AI software can provide 'roadmap' for biological discoveries

Predicting a protein's location within a cell can help researchers unlock a plethora of biological information that's critical for developing future scientific discoveries related to drug development and treating diseases like epilepsy. That's because proteins are the body's "workhorses," largely responsible for most cellular functions.

Recently, Dong Xu, Curators Distinguished Professor in the Department of Electrical Engineering and Computer Science at the University of Missouri, and colleagues updated their protein localization prediction model, MULocDeep, with the ability to provide more targeted predictions, including specific models for animals, humans and plants. The model was created 10 years ago by Xu and fellow MU researcher Jay Thelen, a professor of biochemistry, to originally study proteins in mitochondria.

"Many biological discoveries need to be validated by experiments, but we don't want researchers to have to spend time and money conducting thousands of experiments to get there," Xu said. "A more targeted approach saves time. Our tool provides a useful resource for researchers by helping them get to their discoveries faster because we can help them design more targeted experiments from which to advance their research more effectively."

By harnessing the power of artificial intelligence through a machine learning technique—training computers to make predictions using existing data—the model can help researchers who are studying the mechanisms associated with irregular locations of proteins, known as "mislocalization," or where a protein goes to a different place than it's supposed to. This abnormality is often associated with diseases such as metabolic disorders, cancers and neurological disorders.

"Some diseases are caused by mislocalization, which causes the protein to be unable to perform a function as expected because it either cannot go to a target or goes there inefficiently," Xu said.

Another application of the team's predictive model is assisting with drug design by targeting an improperly located protein and moving it to the correct location, Xu said.

In the future, Xu hopes to increase the model's accuracy and develop more functionalities.

"We want to continue improving the model to determine whether a mutation in a protein could cause mislocalization, whether proteins are distributed in more than one cellular compartment, or how signal peptides can help predict localization more precisely," Xu said. "While we don't offer any solutions for drug development or treatments for various diseases per se, our tool may help others for their development of medical solutions.

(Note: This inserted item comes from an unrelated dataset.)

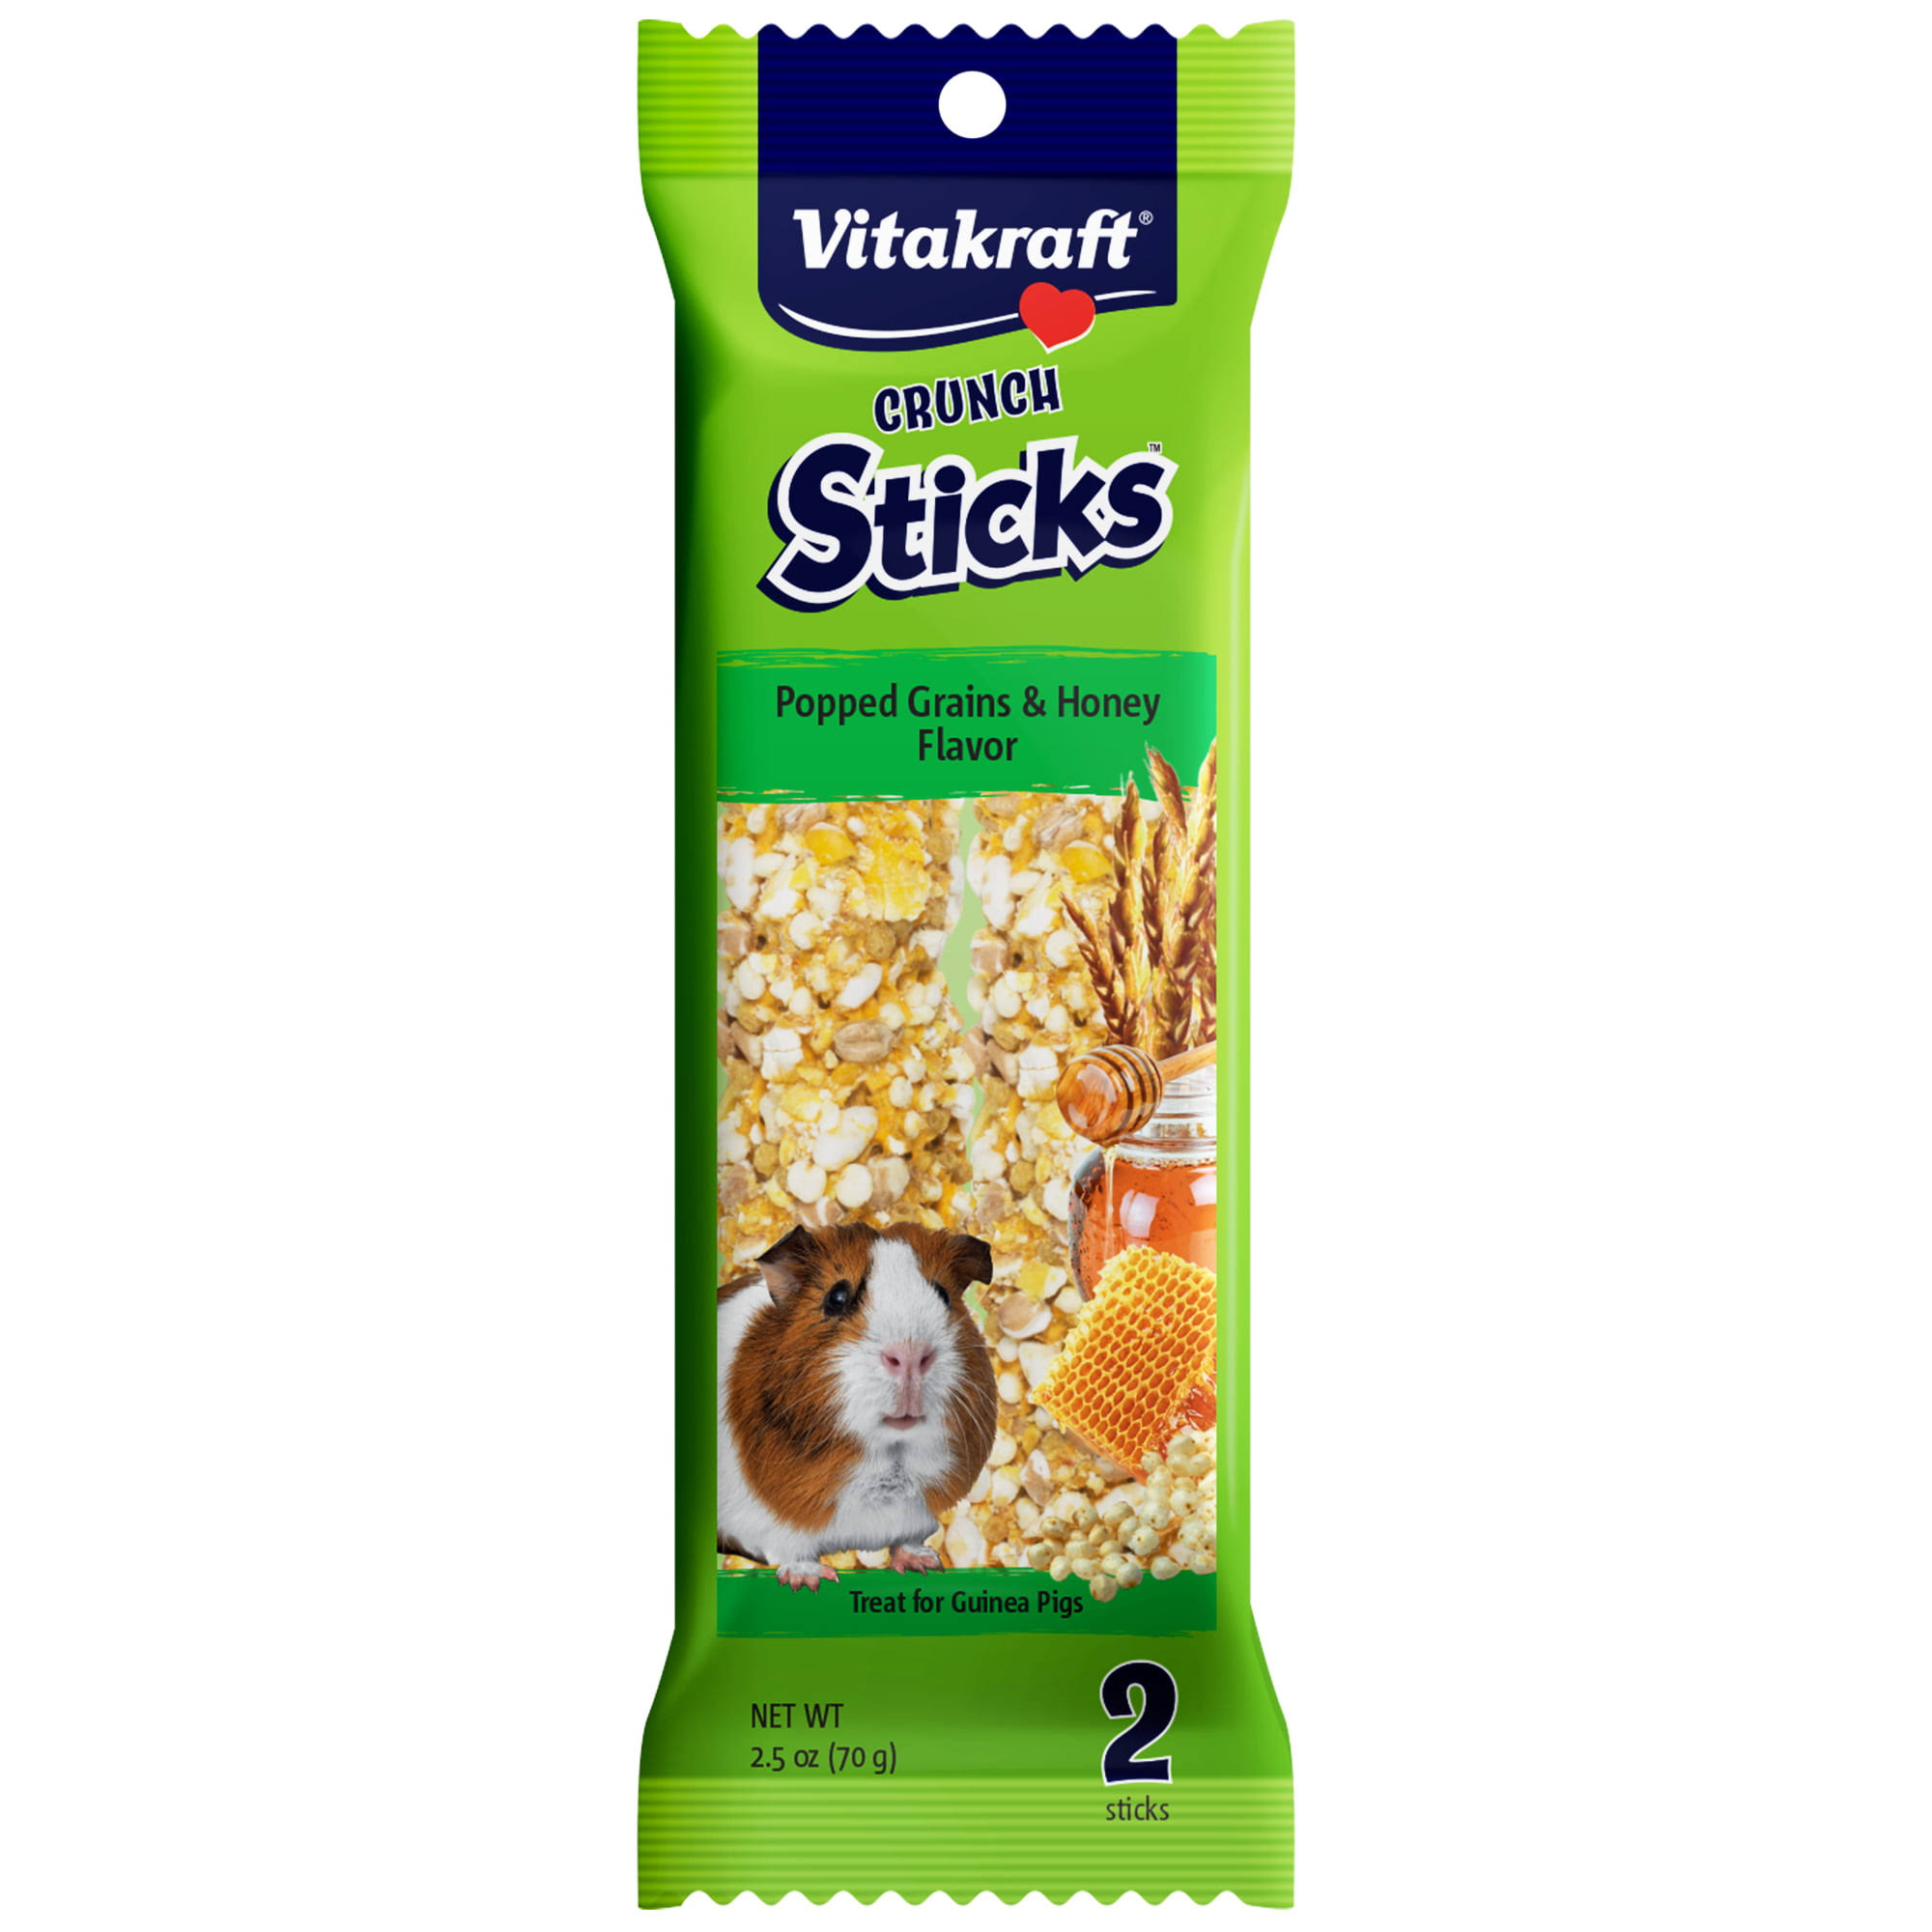 Vitakraft Crunch Sticks - Guinea Pig, x2

Today's science is like a big enterprise. Different people play different roles, and by working together we can achieve a lot of good for all."

Xu is currently working with colleagues to develop a free, online course for high school and college students based on the biological and bioinformatics concepts used in the model and expects the course will be available later this year.

A conflict of interest is also noted by Xu and colleagues: While the online version of MULocDeep is available for use by academic users, a standalone version is also available commercially through a licensing fee.

"MULocDeep web service for protein localization prediction and visualization at subcellular and suborganellar levels," was published in the journal Nucleic Acids Research. Co-authors are Yuexu Jiang, Lei Jiang, Chopparapu Sai Akhil, Duolin Wang, Ziyang Zhang and Weinan Zhang at MU.